Okay. We waited a week for W-5 to say they made a mistake. To say they got it wrong. To say, oops, so sorry, the researcher screwed up.

It never happened. So we'll say it.

W-5 made a mistake. They got it wrong. Somebody screwed up, royally.

Last weekend CTV ran a W5 show about the wrongfully convicted. If memory serves us well, there are about 40 people across Canada whose convictions for major crimes have been overturned by new evidence. As always, one of those on the list is Thomas Sophonow.And, just as always, W-5 showed no understanding of the case against him or the evidence used to convict him.

That aside, there's no excuse for reporter Victor Malarek to have made the egregious error and say that "DNA evidence would finally and fully exonerate Sophonow."

Let's be perfectly clear. DNA evidence did not exonerate Tom Sophonow. We don't know why Tom Sophonow was exonerated.

Police Chief Jack Ewatski has never explained why he said in 2000 that he knew Sophonow was innocent of the murder of Barbara Stoppel. Justice Minister Gord Macintosh has never said why he gave Sophonow a cheque for $2.6 million.

What we know for certain, is that DNA evidence played no part in it.

Oh, you wouldn't know that if you depended on the Mainstream Media for your "facts."
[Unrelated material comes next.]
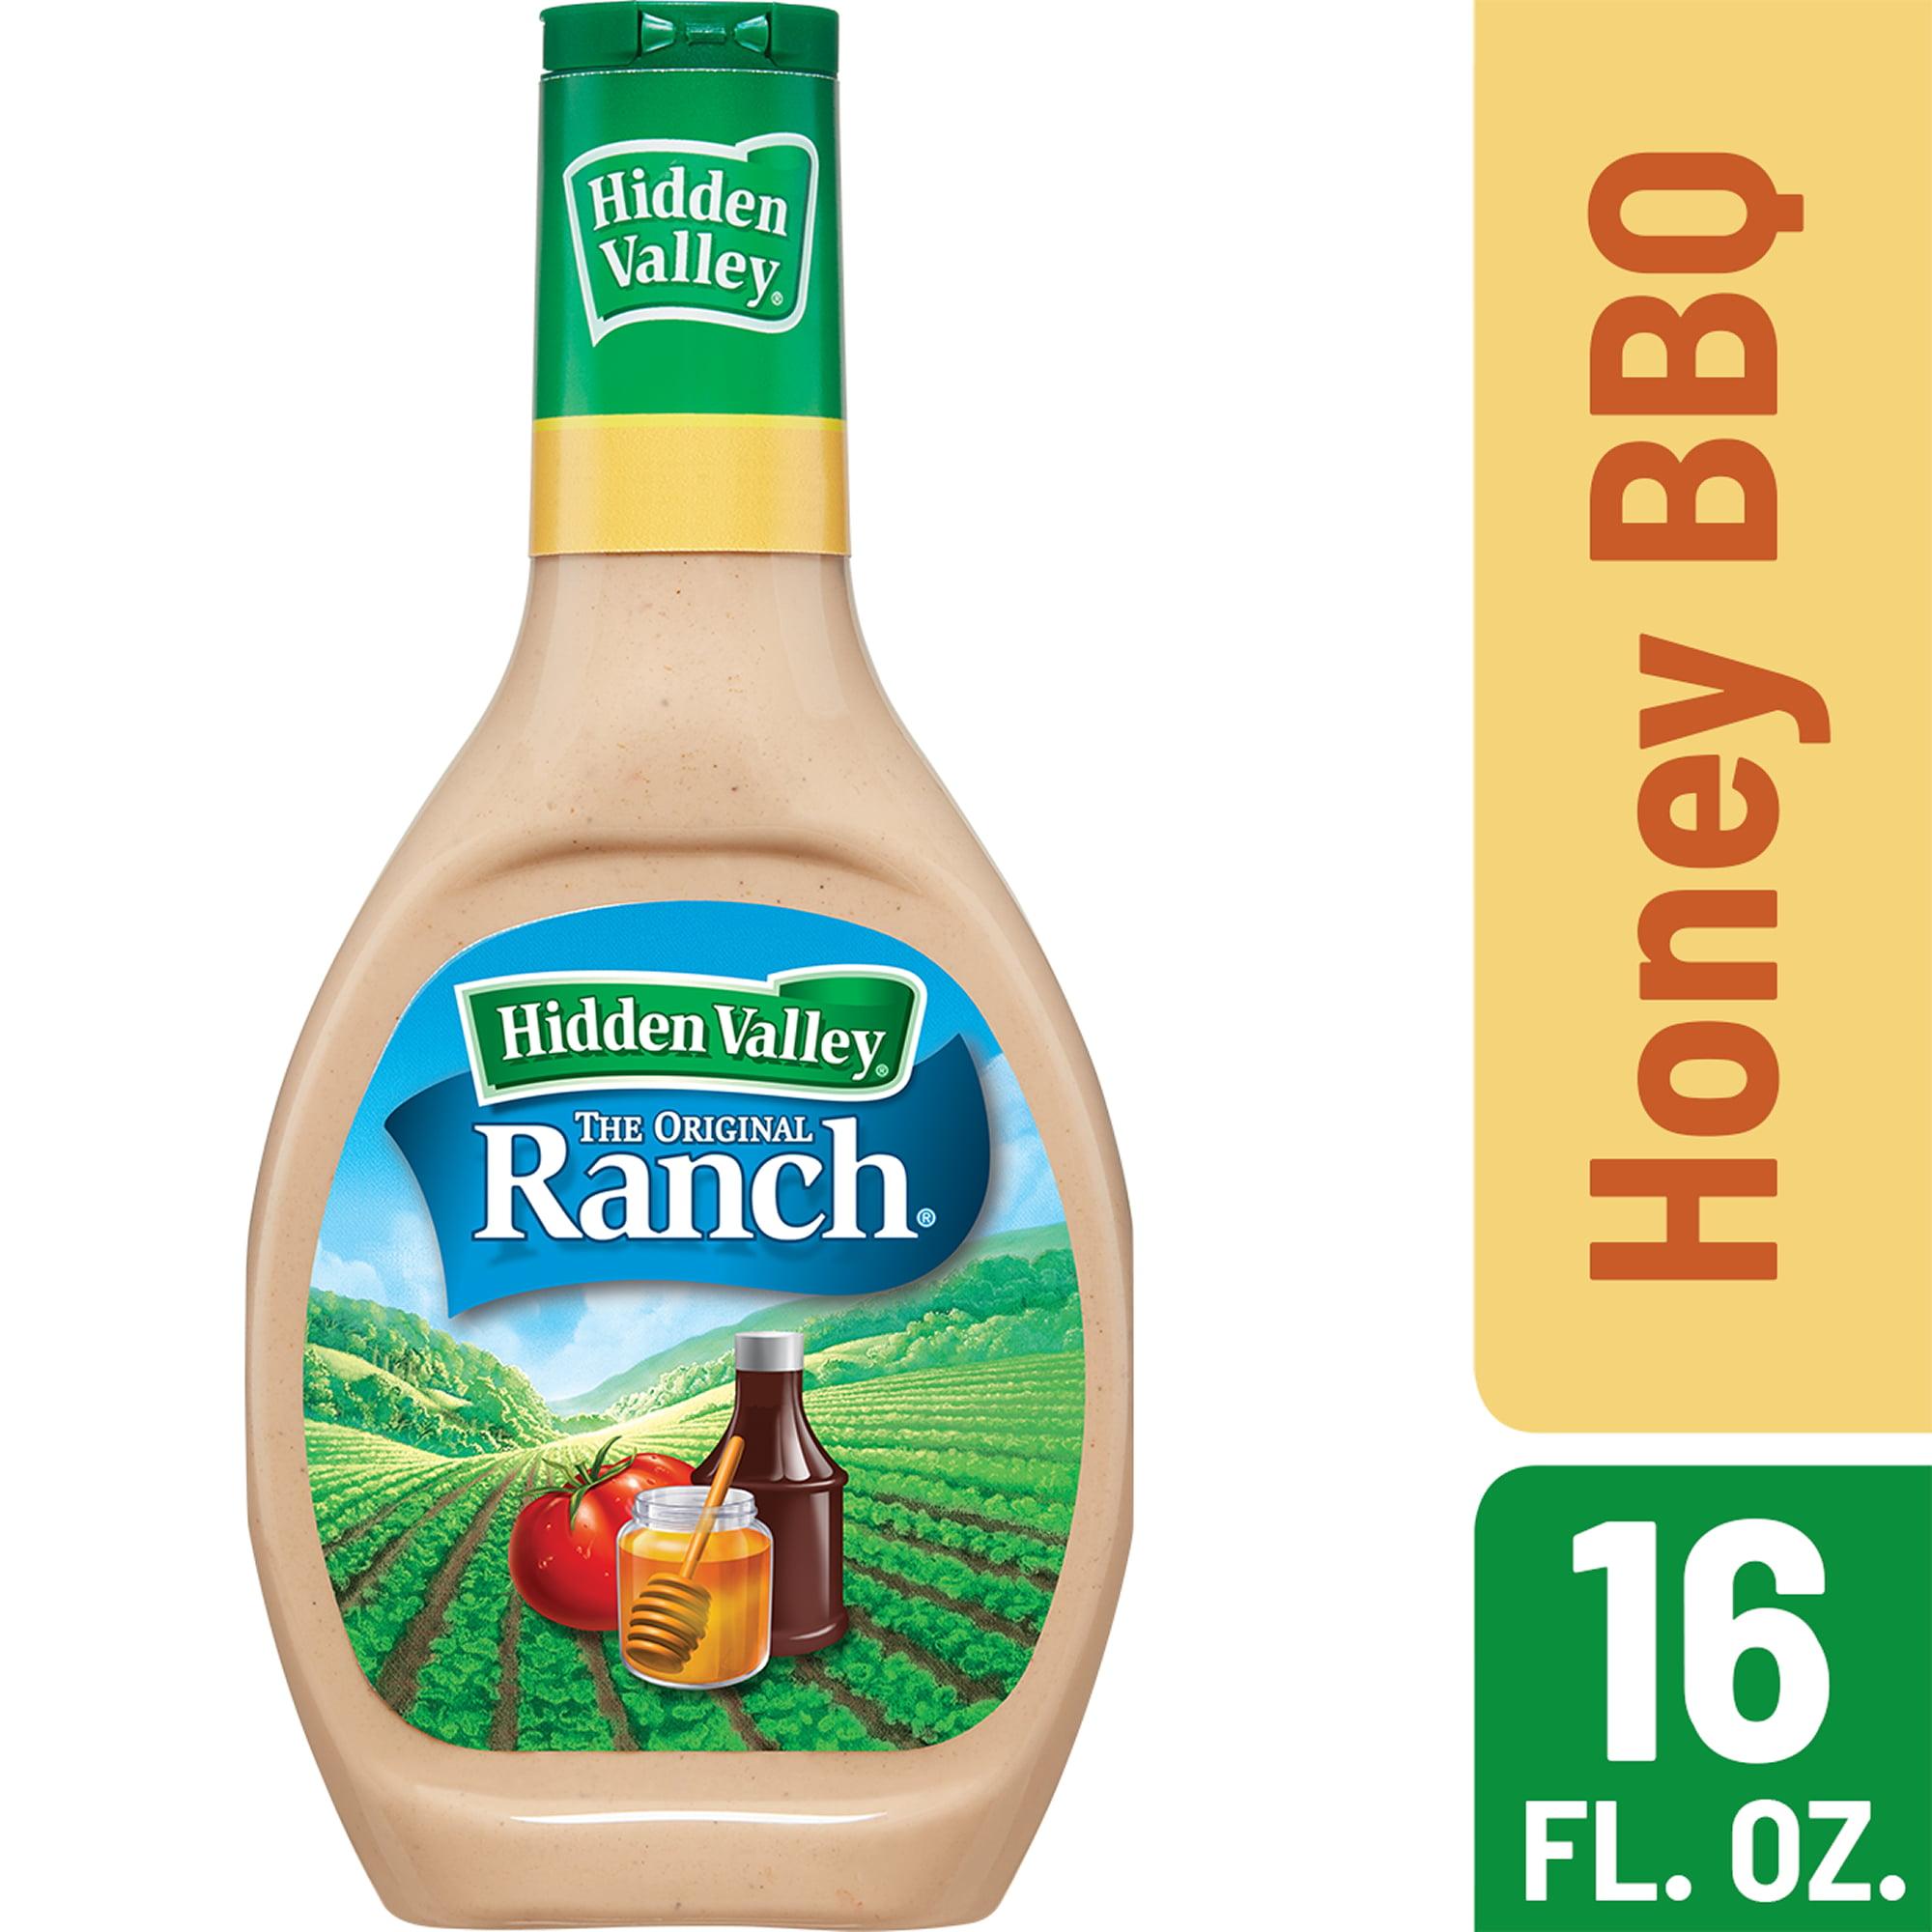 (2 Pack) Hidden Valley Honey BBQ Ranch Salad Dressing & Topping, Gluten Free - 16 oz Bottle

CBC News Online September 15, 2004
On June 8, 2000, Winnipeg police announced DNA evidence cleared Thomas Sophonow in the killing of doughnut shop clerk Barbara Stoppel.

Or

AS IT HAPPENS DATE: 8/6/00
Series Title: AS IT HAPPENS
In 1981 Thomas Sophonow was arrested for murder. After 3 trials and 4 yrs in jail, DNA analysis has finally proven his innocence.

Or, even....

Wrongfully Convicted Database Record
"Wrongfully convicted three times of the 1981 murder of shop clerk Barbara Stoppel. Acquitted by the Manitoba Court of Appeal in Dec. 1985 and released from prison. Winnepeg (sic) police announced on June 8, 2000 that DNA evidence had cleared Mr. Sophonow."

Wrong. Wrong. Wrong.

On the day he made Tom Sophonow one of the heroes of the unjustly convicted, Ewatski told the press only that Sophonow was cleared because, when he was arrested, the police did not have "a specialized homicide unit, a computer dedicated to crime analysis, and (certain) forensic techniques."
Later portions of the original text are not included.